Final answer:
The probability of getting 100 heads in 100 tosses of a biased coin drawn from a bag with biases uniformly distributed between 0 and 1 requires integrating over all possible biases. Results from fair coin tosses hint at the improbability of this outcome according to the law of large numbers. Exact probabilities from Table 15.4 confirm the rarity of such an event.
Step-by-step explanation:
The student is asking about the probability of getting 100 heads when a randomly selected biased coin is tossed 100 times. The bias of the coin is described by a random variable from a uniform distribution between 0 and 1. To answer this question, we must consider the variable probability of the coin landing on heads. Each biased coin could have a different probability of landing heads, but without knowing the exact bias of the drawn coin, we calculate an overall probability of getting 100 heads in 100 tosses by integrating over all possible biases.

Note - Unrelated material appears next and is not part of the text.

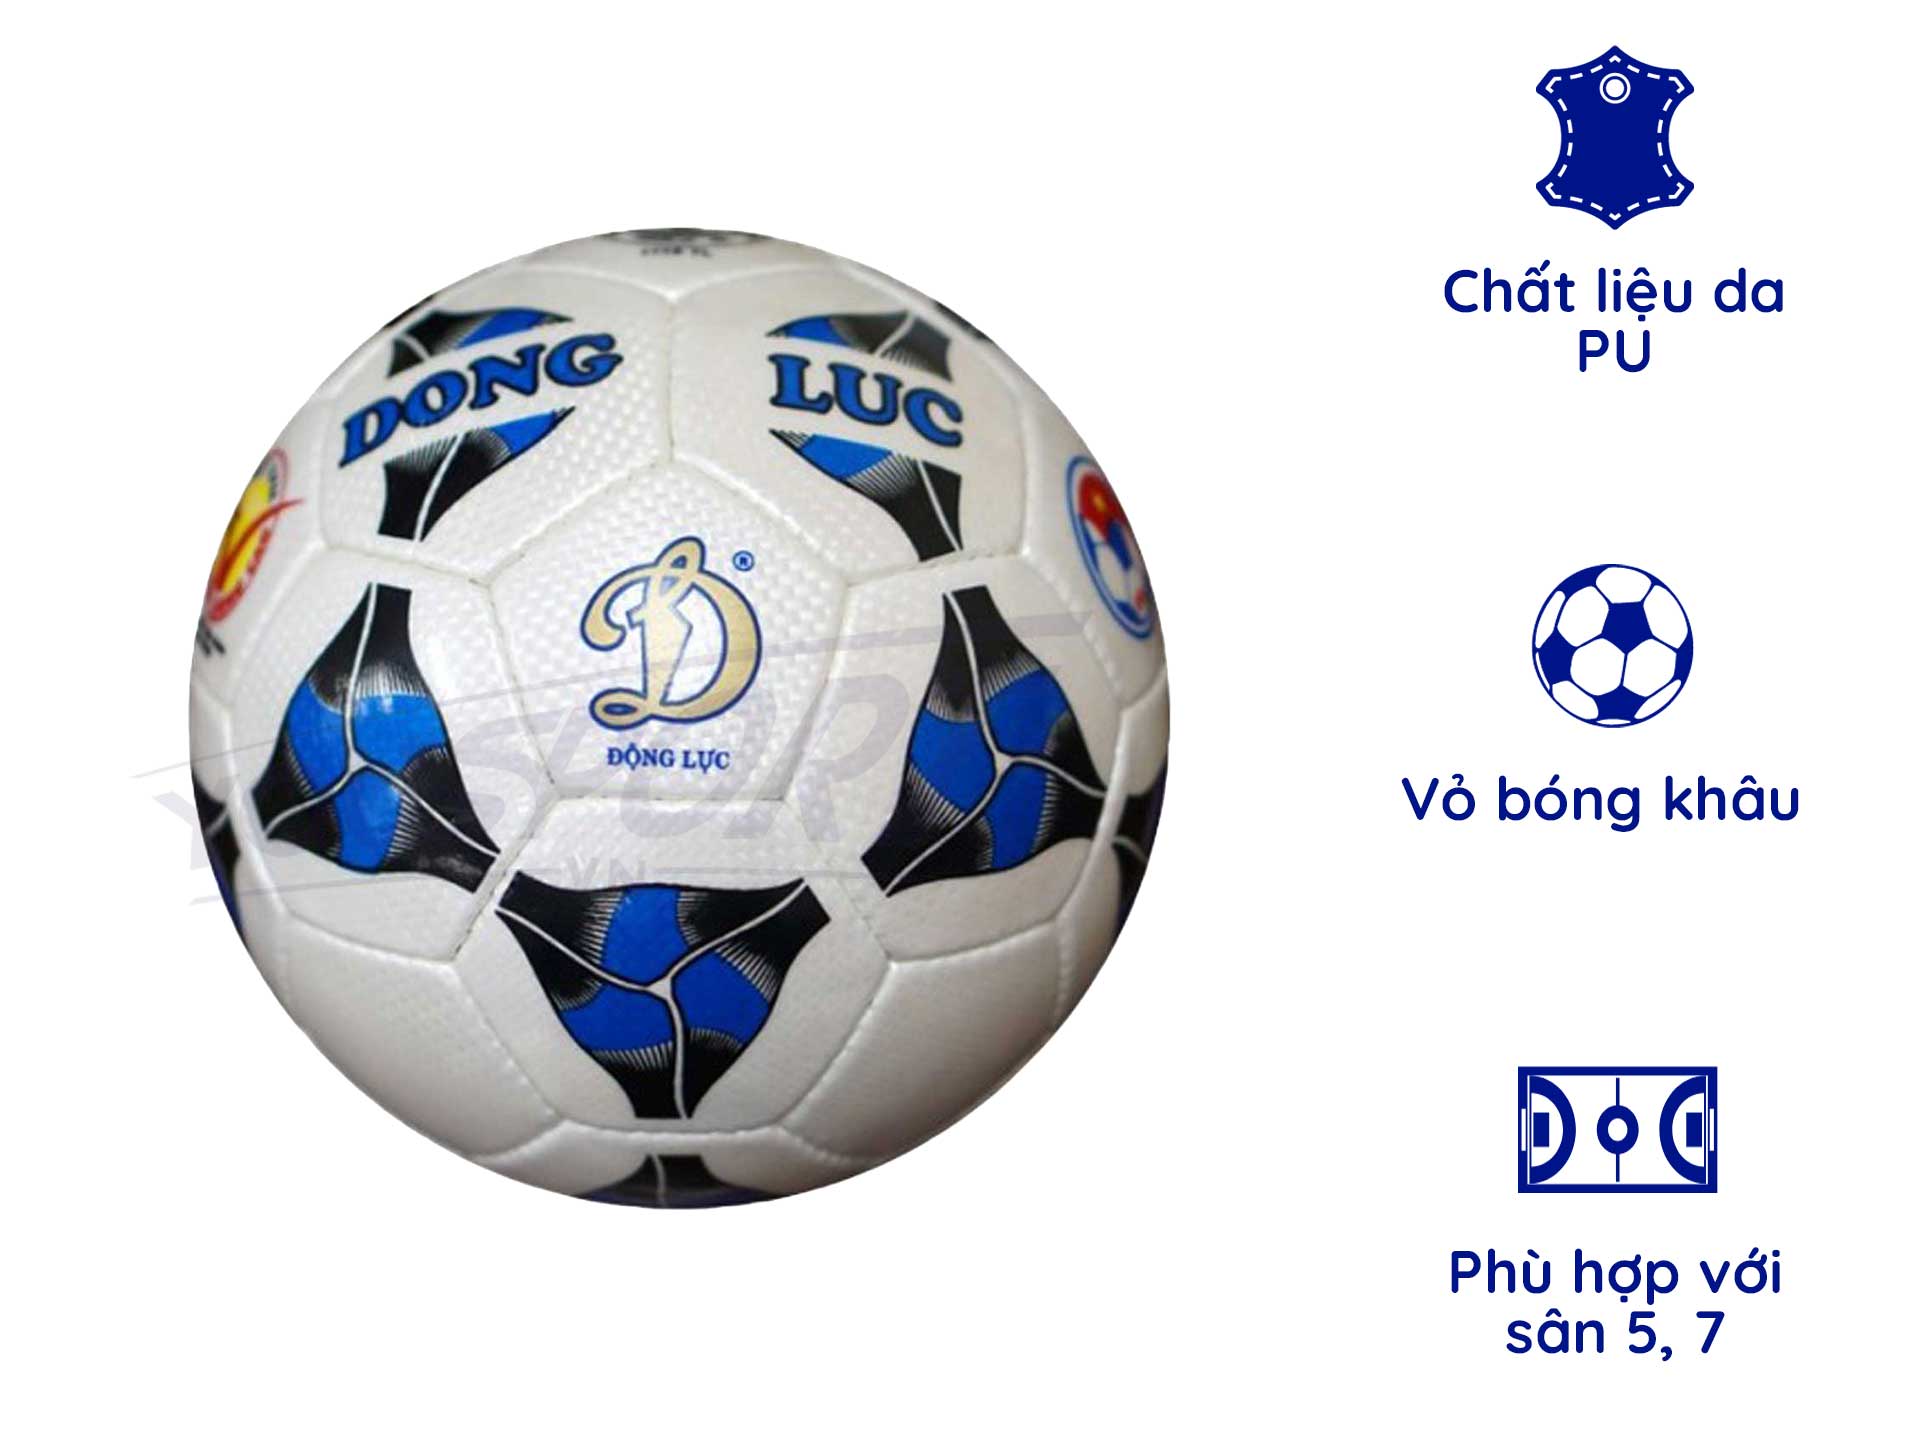 UCV 3.05 được Liên đoàn bóng đá Việt Nam sử dụng như thế nào trong các giải đấu?

However, the provided information from other contexts gives us insights into probability and expected outcomes but does not directly answer the question about the biased coin. We do know that in large numbers of coin tosses, a fair coin will tend towards a 50/50 distribution of heads and tails due to the law of large numbers.
From Table 15.4, we can infer that getting 100 heads in 100 tosses is very unlikely, as the number of microstates for such an event is extremely low compared to other more balanced outcomes.